▶ [What you have to do]:
Pictures left aside, return the lines below exactly, from the one with "Hot and Real Mixed Lightroom Presets 3715558" to the end, including both ends.

▶ [Dataset section]:

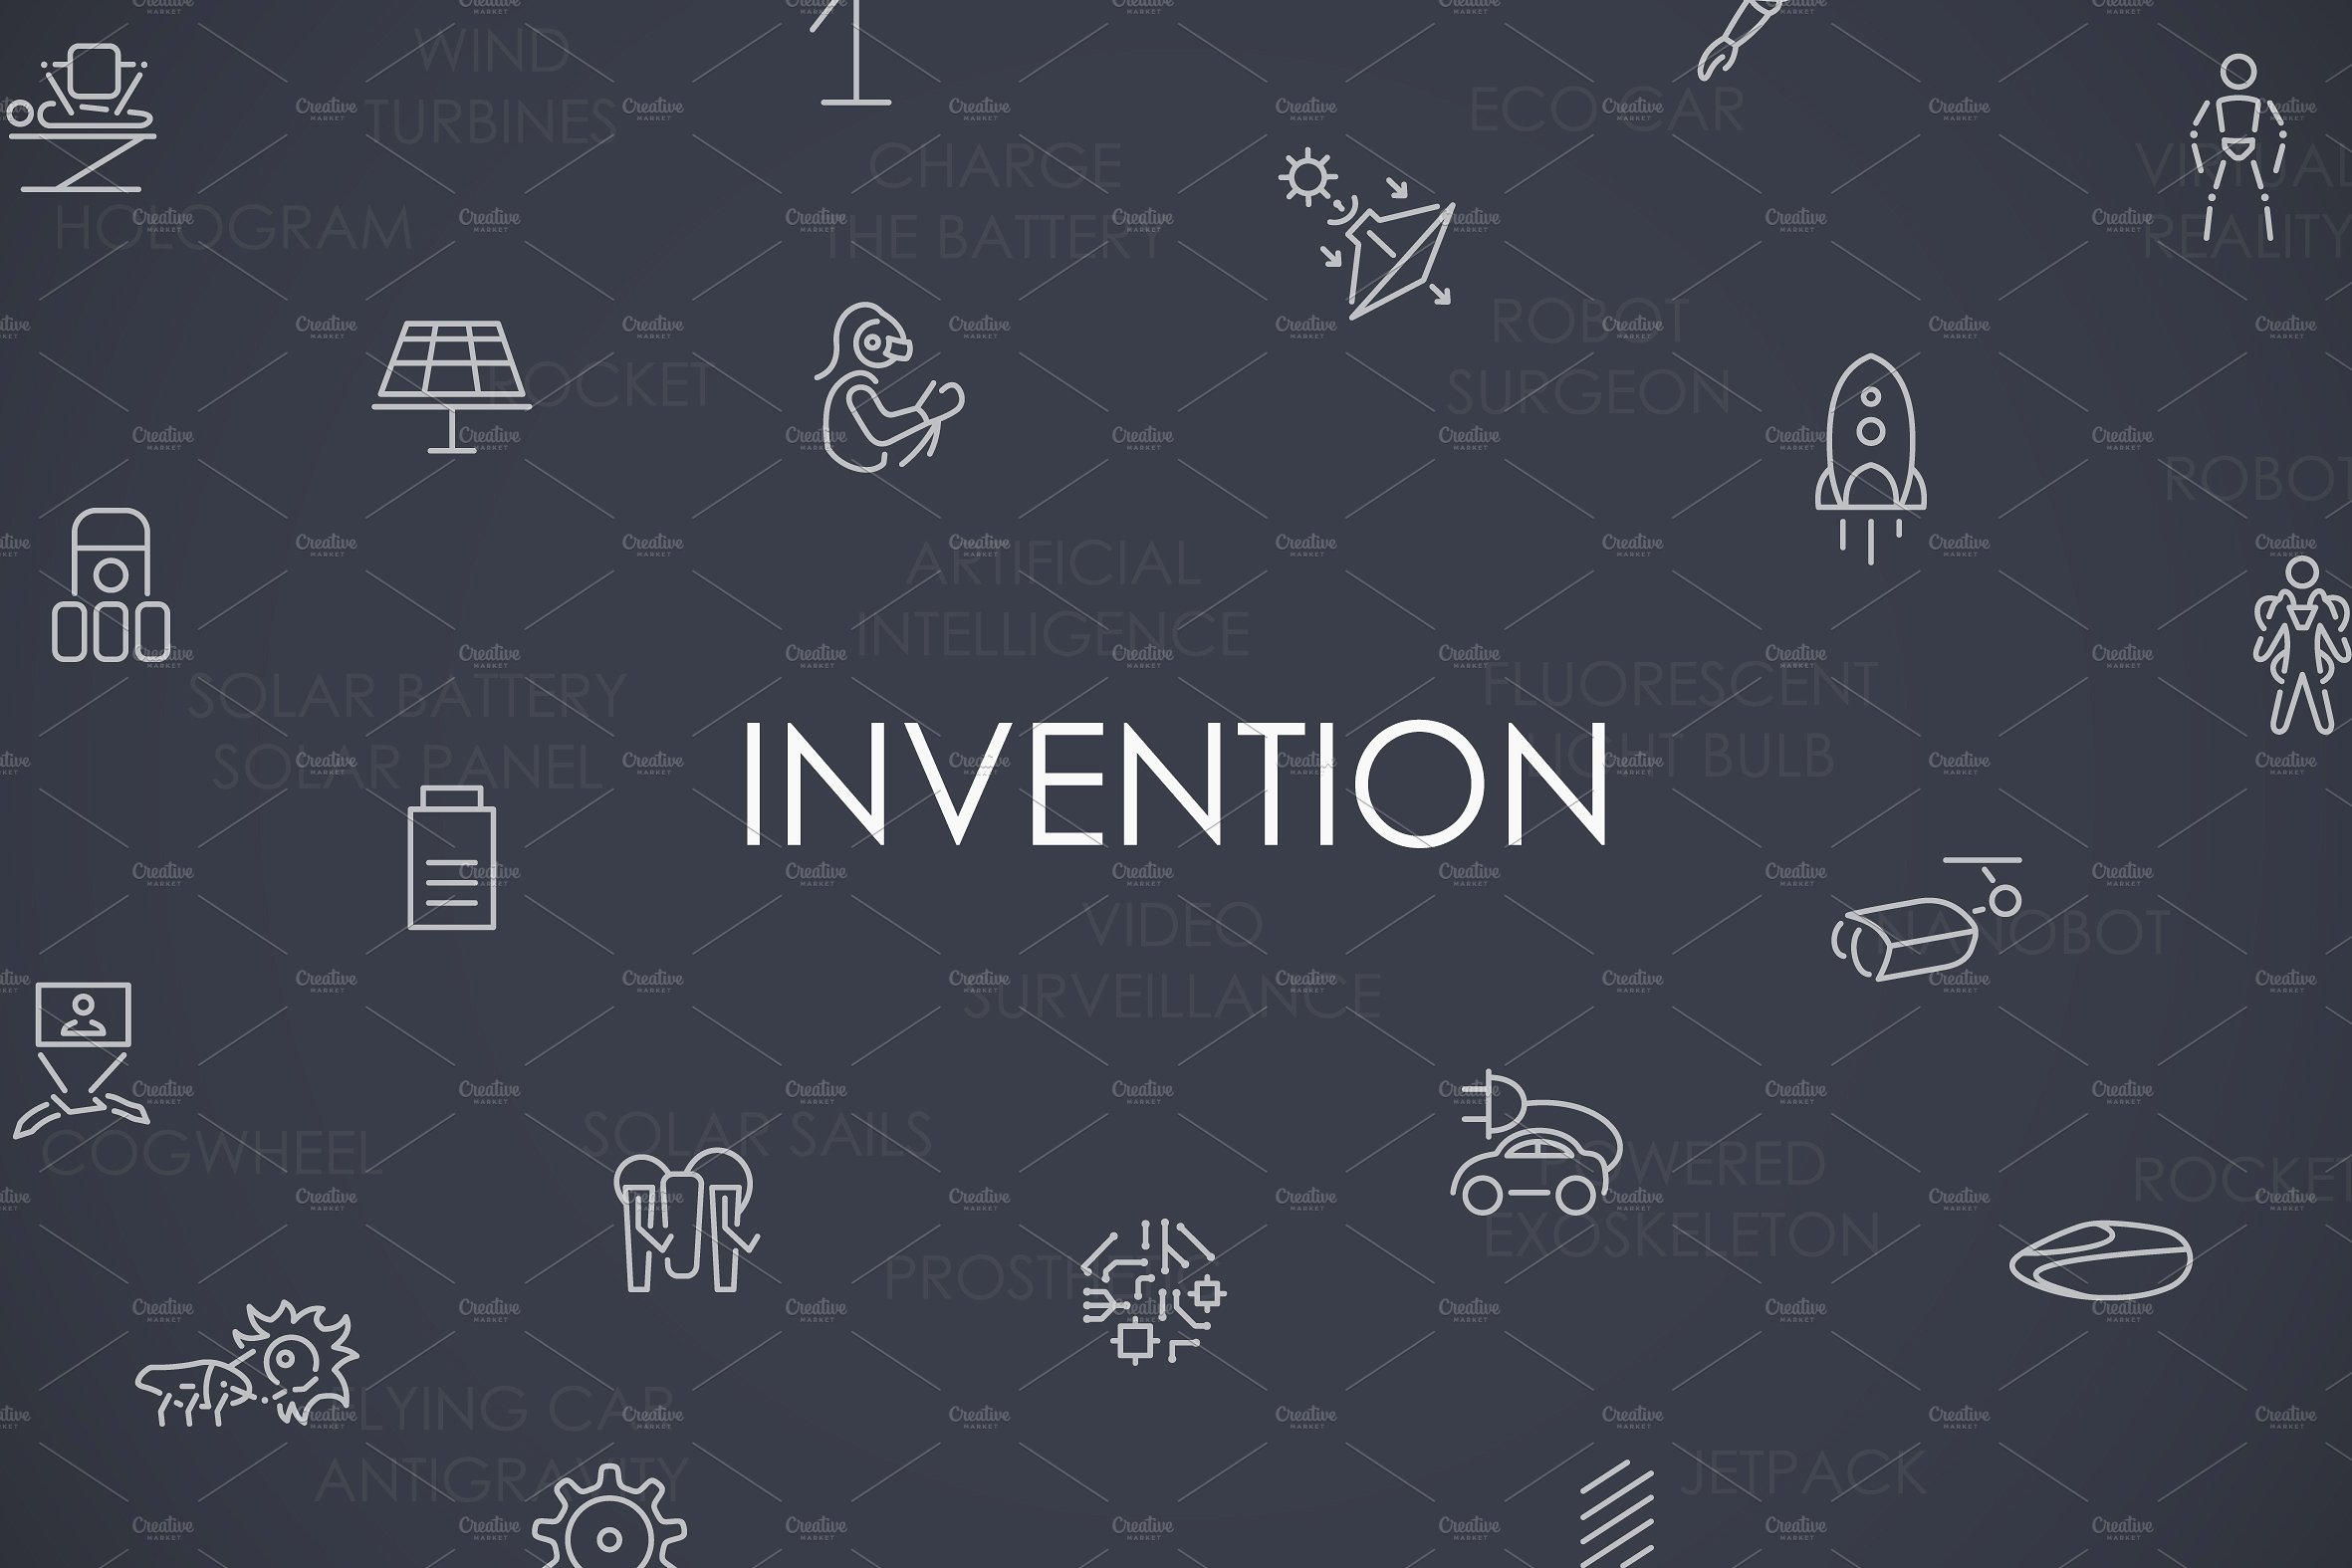 Invention thinline icons
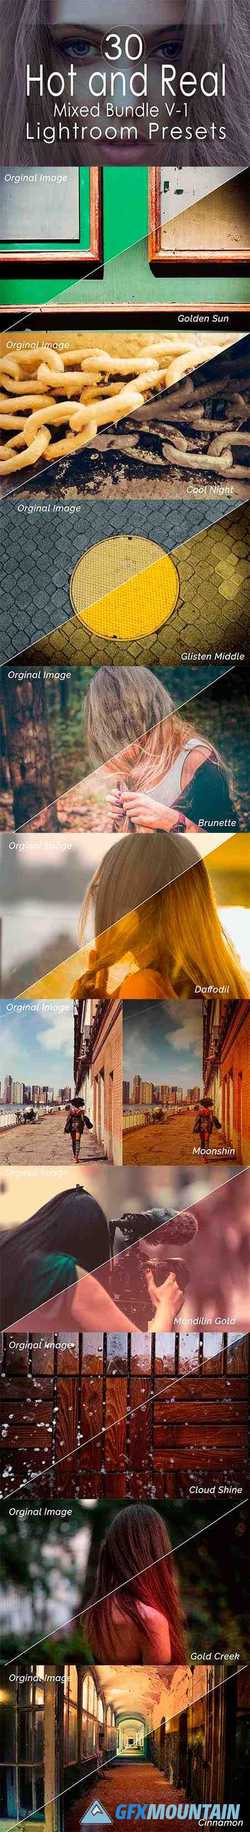 Hot and Real Mixed Lightroom Presets 3715558
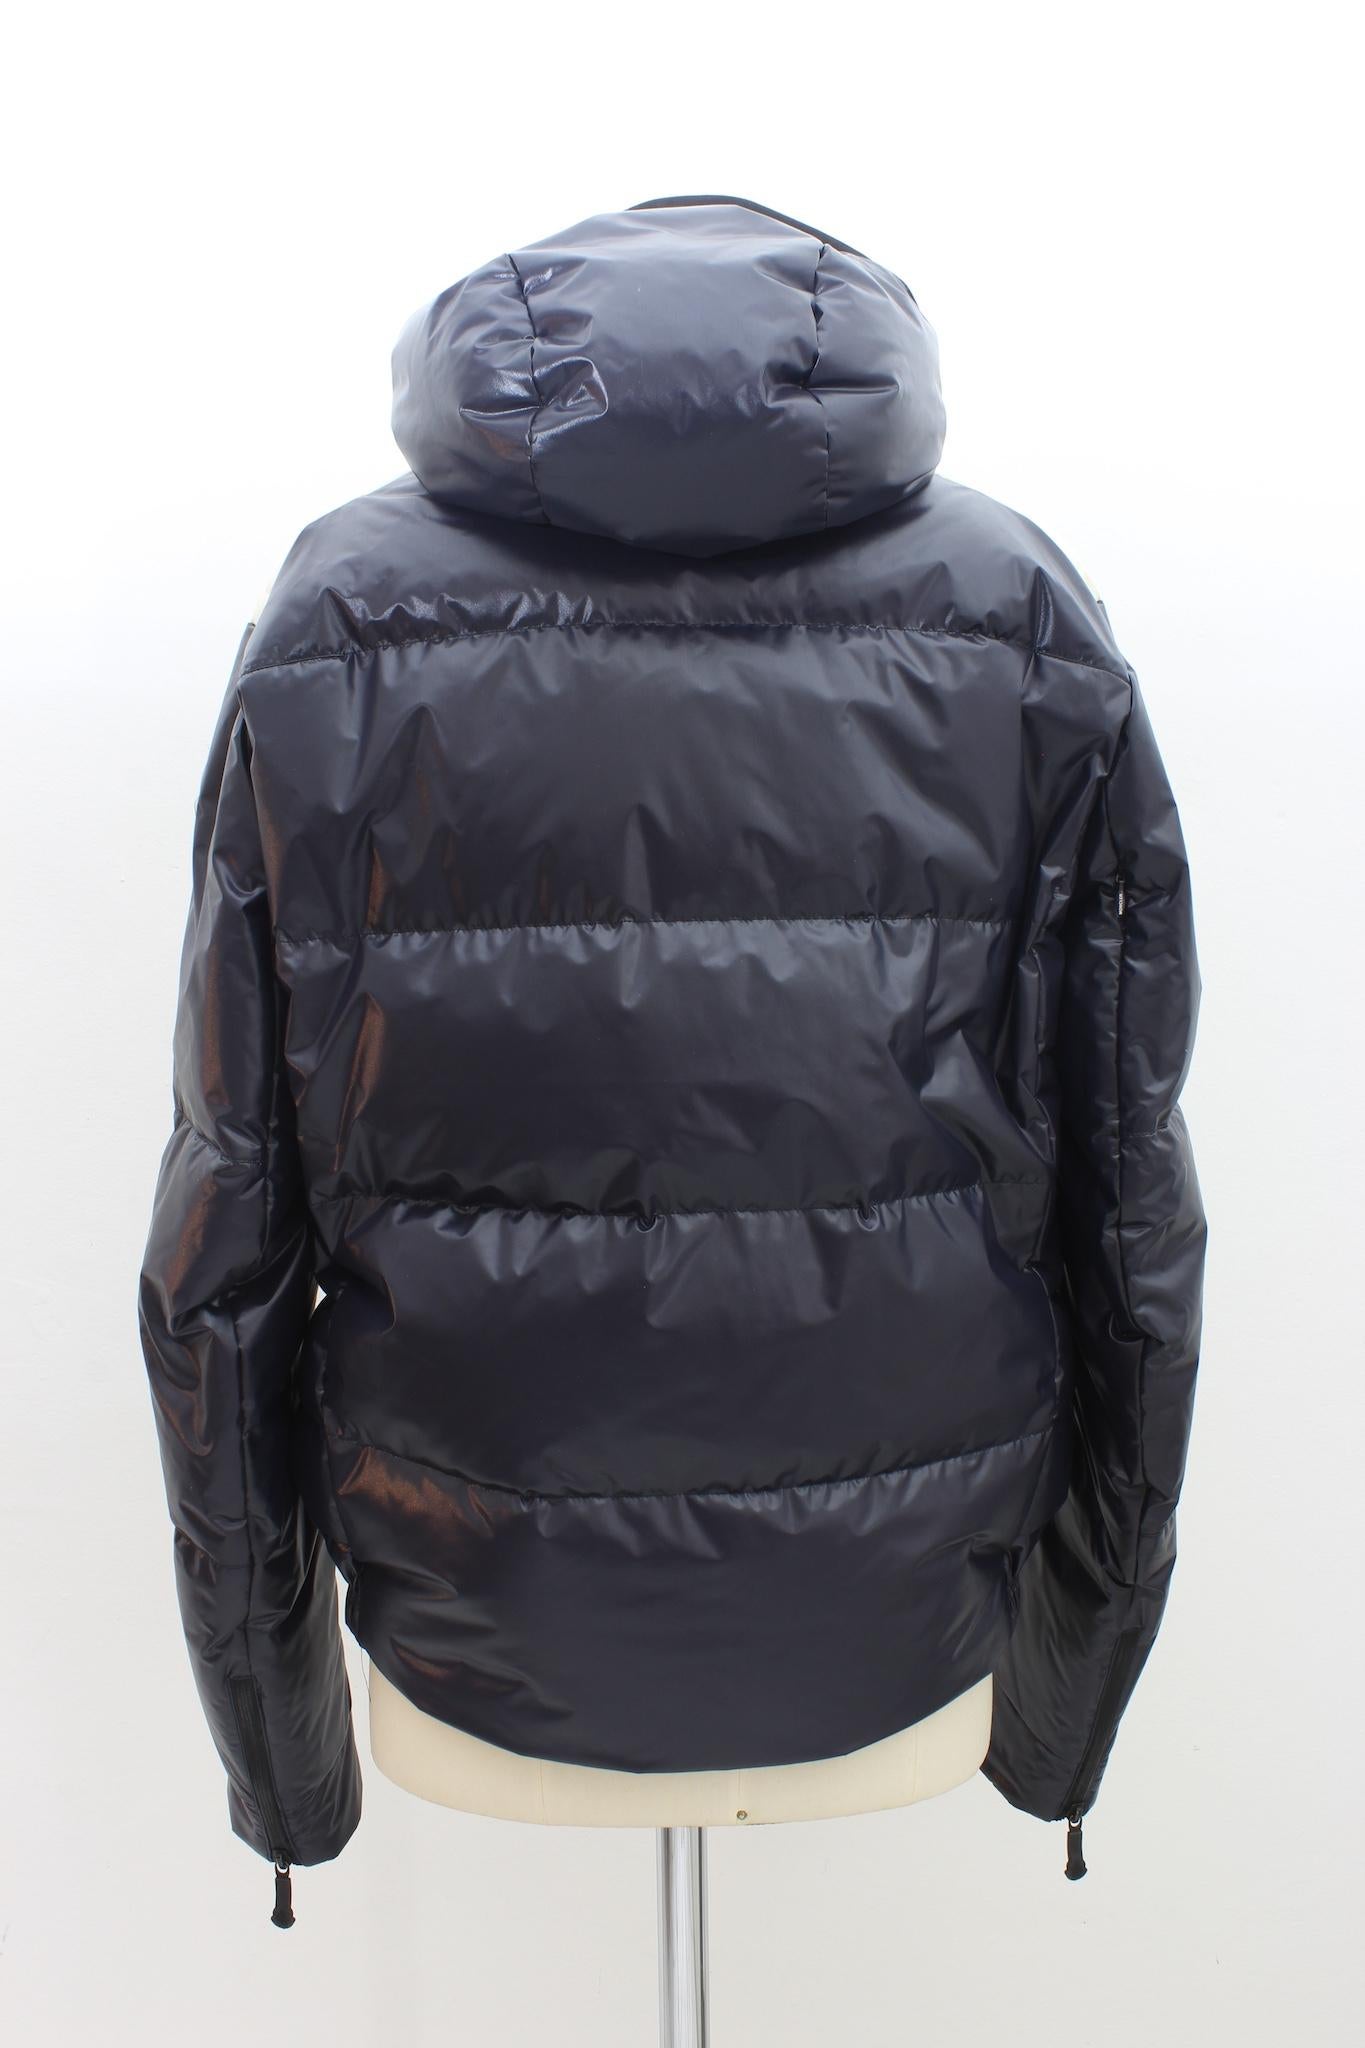 Moncler ski blouson jacket. Bomber black jacket, padded with real goose down, removable hood, internally there are various pockets. Zipper and button closure, Go Stop Air Water model. External fabric 50% polyamide, 50% polyurethane.

Size:

▶ [Completed exercise]:
 Hot and Real Mixed Lightroom Presets 3715558
 Moncler ski blouson jacket. Bomber black jacket, padded with real goose down, removable hood, internally there are various pockets. Zipper and button closure, Go Stop Air Water model. External fabric 50% polyamide, 50% polyurethane.

Size:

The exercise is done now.